Behind the Breach: What Happens When AI Tools Go Rogue
Case: The Therapist, the AI Note Tool, and the Unexpected Disclosure
In 2024, a solo behavioral health therapist used a free AI note-taking app she found online. It transcribed her therapy sessions in real time — and it worked like magic. Until a patient requested their records.
When she pulled the transcripts, she realized the app had been auto-saving sessions to the cloud — unencrypted, with no BAA, and no access controls.

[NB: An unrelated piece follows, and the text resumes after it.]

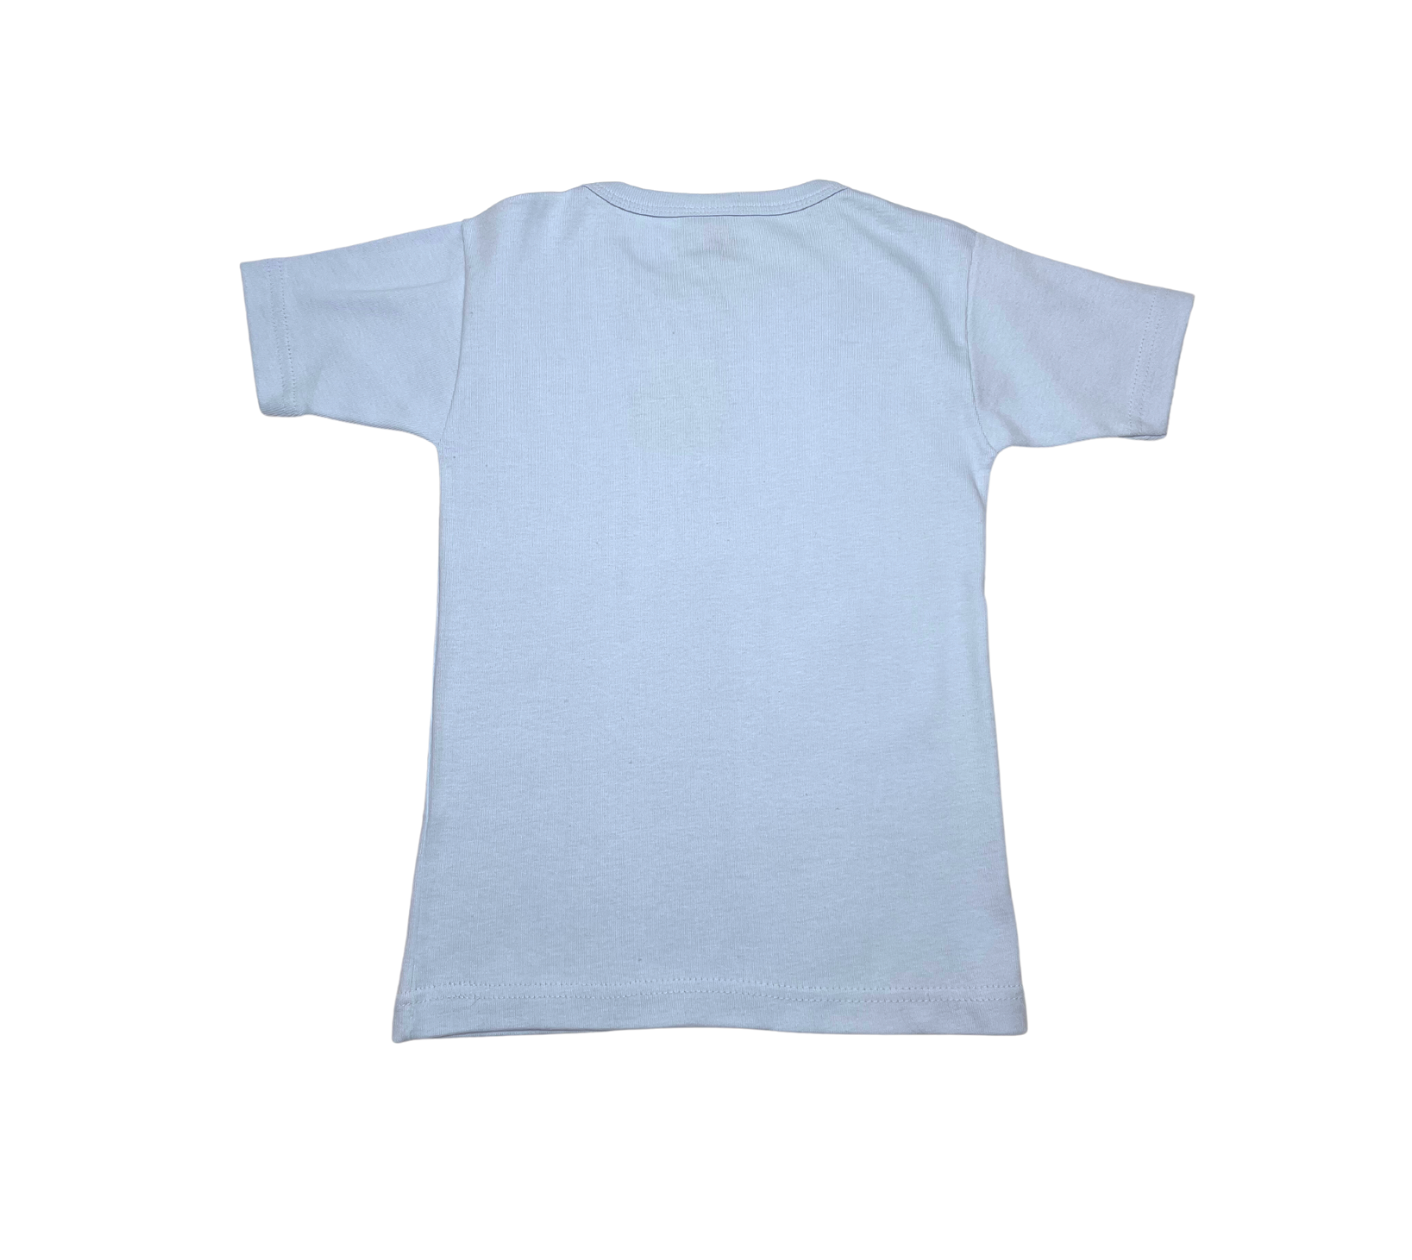 VINTAGE - T-shirt bleu clair Babar - 7/8 ans
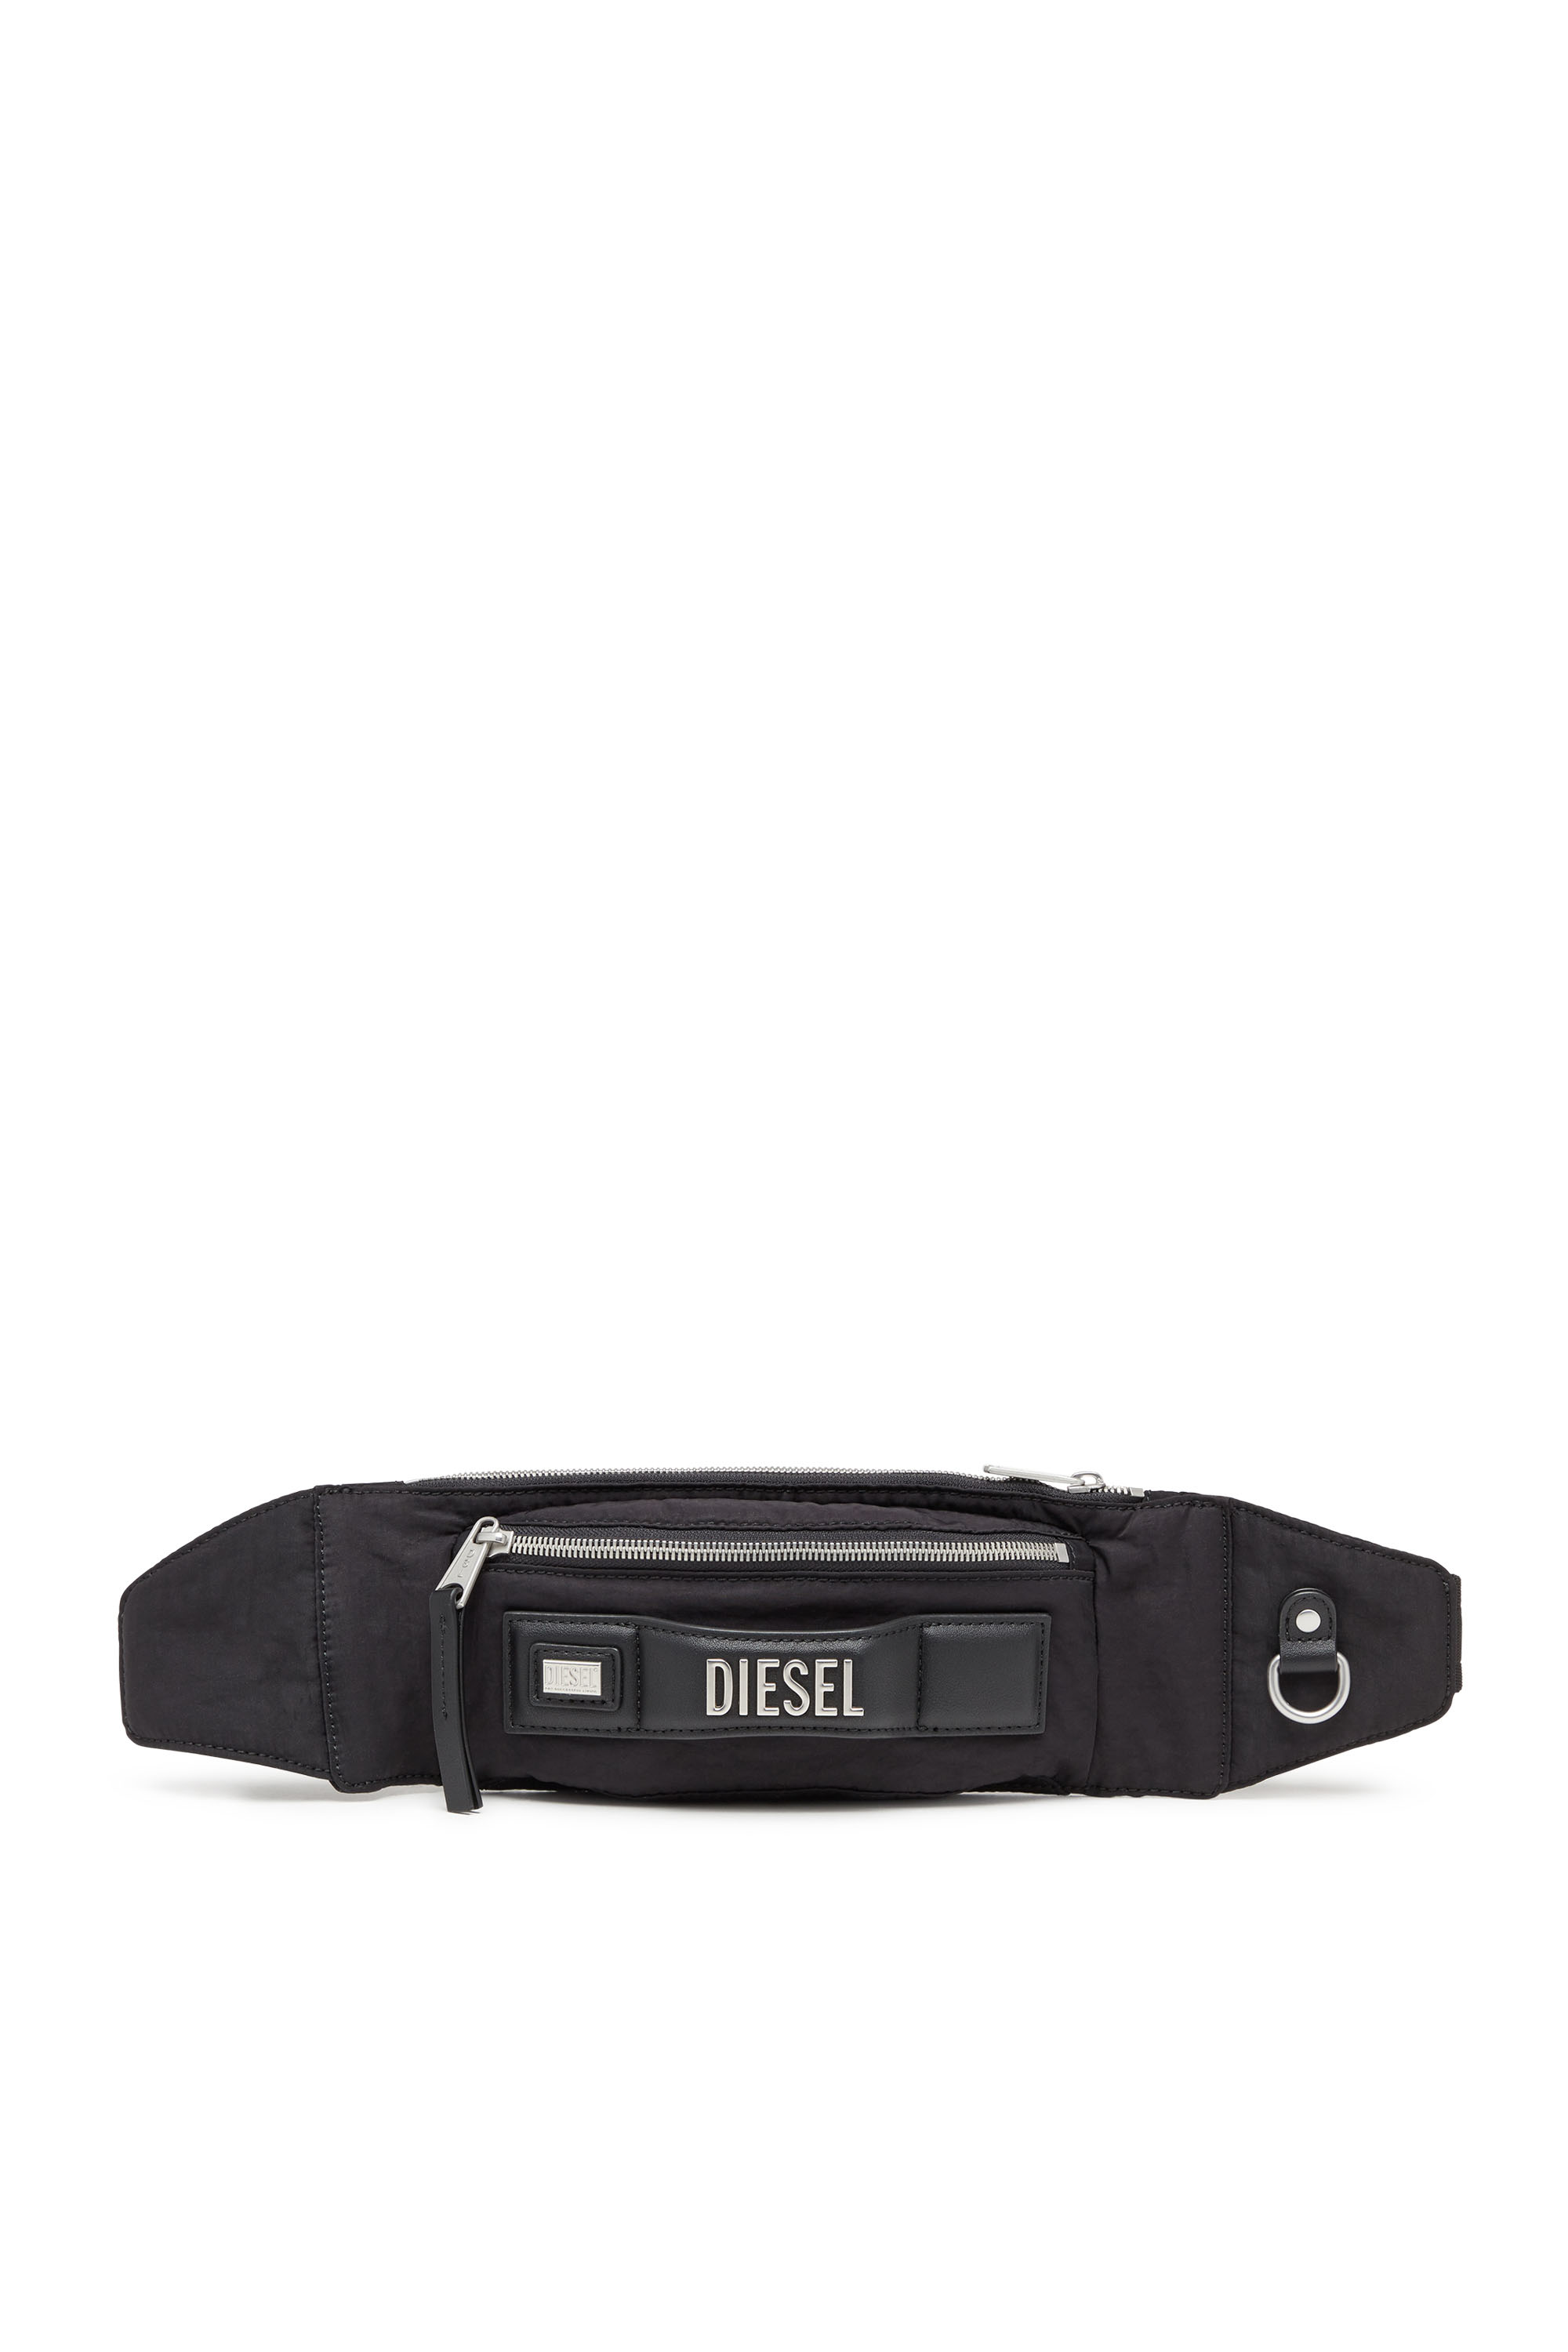 Diesel - Logos Belt Bag - Sac banane en nylon recyclé - Sacs ceinture - Mixte - Noir

Worse: the company was using her transcripts to train their language model.
The result?
Patient complaint
Reportable HIPAA breach
Legal costs, reputational harm
Complete loss of trust with affected clients
What went wrong?
She didn’t read the privacy policy
No risk assessment was done before trying the tool
No BAA was signed
No audit trail was kept
No offboarding or deletion policy existed
⚖️ Lessons for Providers:
✅ ALWAYS vet an AI tool’s privacy policy before use
Look for: data use in training, cross-border transfers, deletion timelines
Ask: Do they sign a HIPAA-compliant BAA?
✅ NEVER store patient transcripts in third-party tools without clear controls
If it touches PHI, it must be logged, risk-assessed, and covered by a BAA
✅ ALWAYS log your usage — even if it’s just once
One “test” use can still count as a breach if it involves PHI
👁️ What to Watch For (Red Flags):
✅ “We use your data to improve our model”
✅ “We may share anonymized data with partners”
✅ “You must delete your data manually”
✅ “We do not sign BAAs” (or they charge $$$ for one)
📣 Moral of the Story:
AI doesn’t have to be risky — but if you don’t approach it like any other health tech vendor, it absolutely can become your next liability.